We have a problem getting kids (and adults) into nature, and I think one of the causes is nature trails. It’s not a lack of trails we suffer from, but rather too many.
Cities and governments have done a wonderful job preserving little sections of the natural word for our pleasure, but most of these preserves are littered with trails. Some elegant and winding, others nothing more than forgotten utility roads, these trails serve as a portal to the wild. They are a welcome buffer between our comforted development and Earth’s beastly elements. Nature trails are a window, yet a bubble in so many ways. A paved trail in the forest has this obnoxious way of saying, ‘Don’t leave me’ and so we don’t. We graze softly along our fitted track, smelling and hearing and seeing wonders without ever touching. It’s the participation we lack.
Recently, I took my children for an afternoon stroll in a sunny park. We walked and sometimes ran curvy paths around the river bed and through the forest. We took in sounds of spring and felt fresh breezes on our cheeks as while exchanging pleasantries with passing families. It was a lovely afternoon, but I noticed something deeply concerning- not a single foot was laid off the path. Our stride would have been no different had we been in a shopping mall. There my children were in this beautiful place, unengaged and non-participant. I began to wonder how little our feet touch the earth; how seldom we feel life sift between our fingers. Throughout our lives, we build layers between us and the natural world; concrete floors stories high, roads and sidewalks stretched anywhere we should need to travel, the rubber soles of our shoes and tires of our vehicles, all so we never have to touch the ground.
When I bring my children into the forest and off the trail, an amazing world is born to them. What magic and life they will find under an overturned rock is irreplaceable. My children touch things. They explore and imagine a wondrous world.

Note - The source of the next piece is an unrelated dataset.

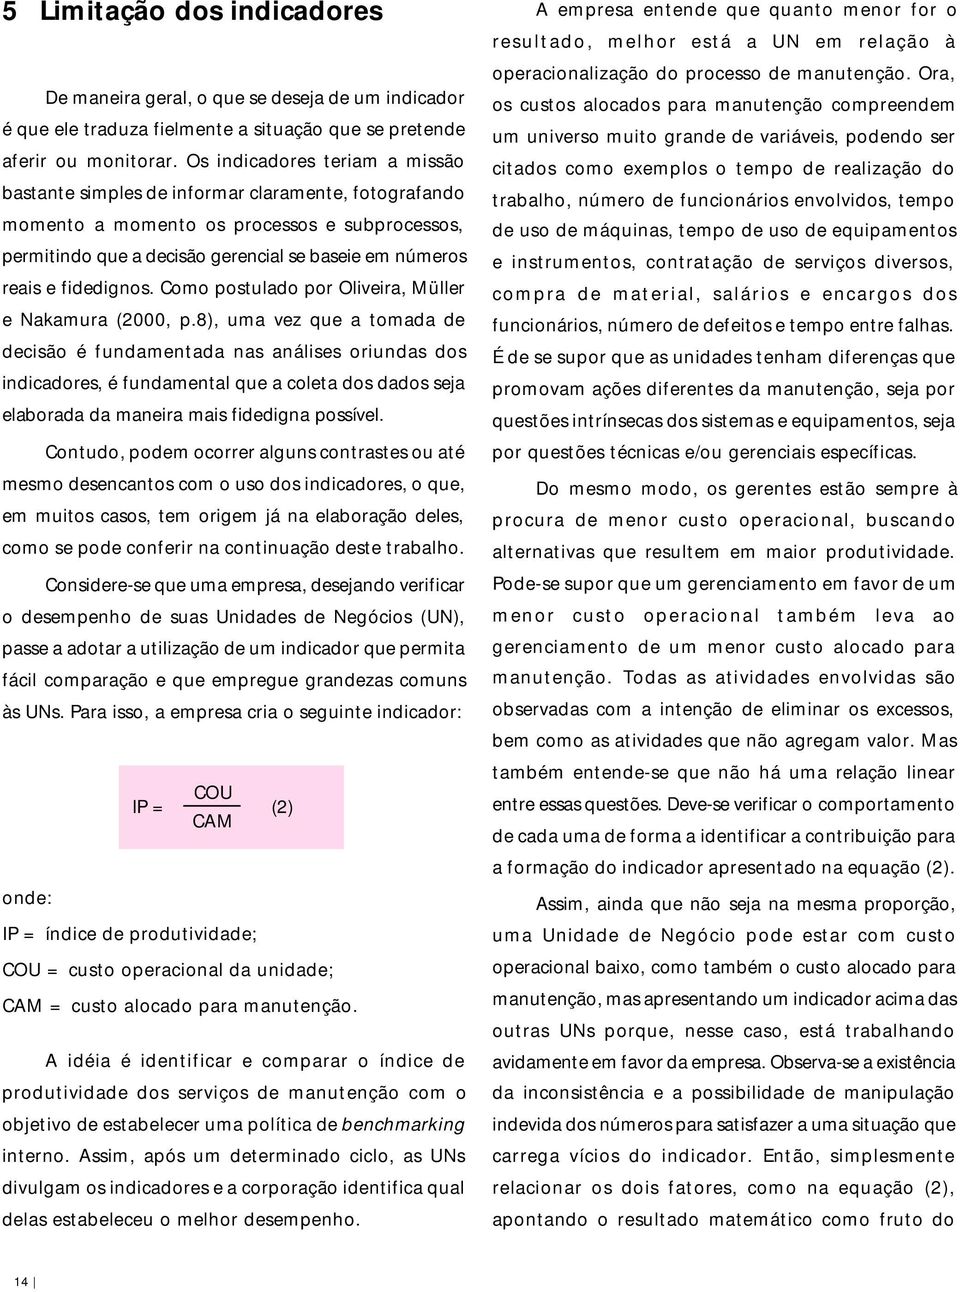 fidedignos. Como postulado por Oliveira, Müller e Nakamura (2000, p.

They become a part of nature rather than an observer, and the world is profoundly more interesting on the inside.
If we honestly strive to engage our children more with nature, we need to remove their bubbles. Nature trails serve a good and needed purpose, but children need unrestricted free play in nature as it stands. Once there, children’s imaginations and minds will flourish is ways never possible in the developed world. Nature is good for them in every possible way. Every child should know the feeling of dirt beneath their fingernails, but they will not find it unless they get off the trail.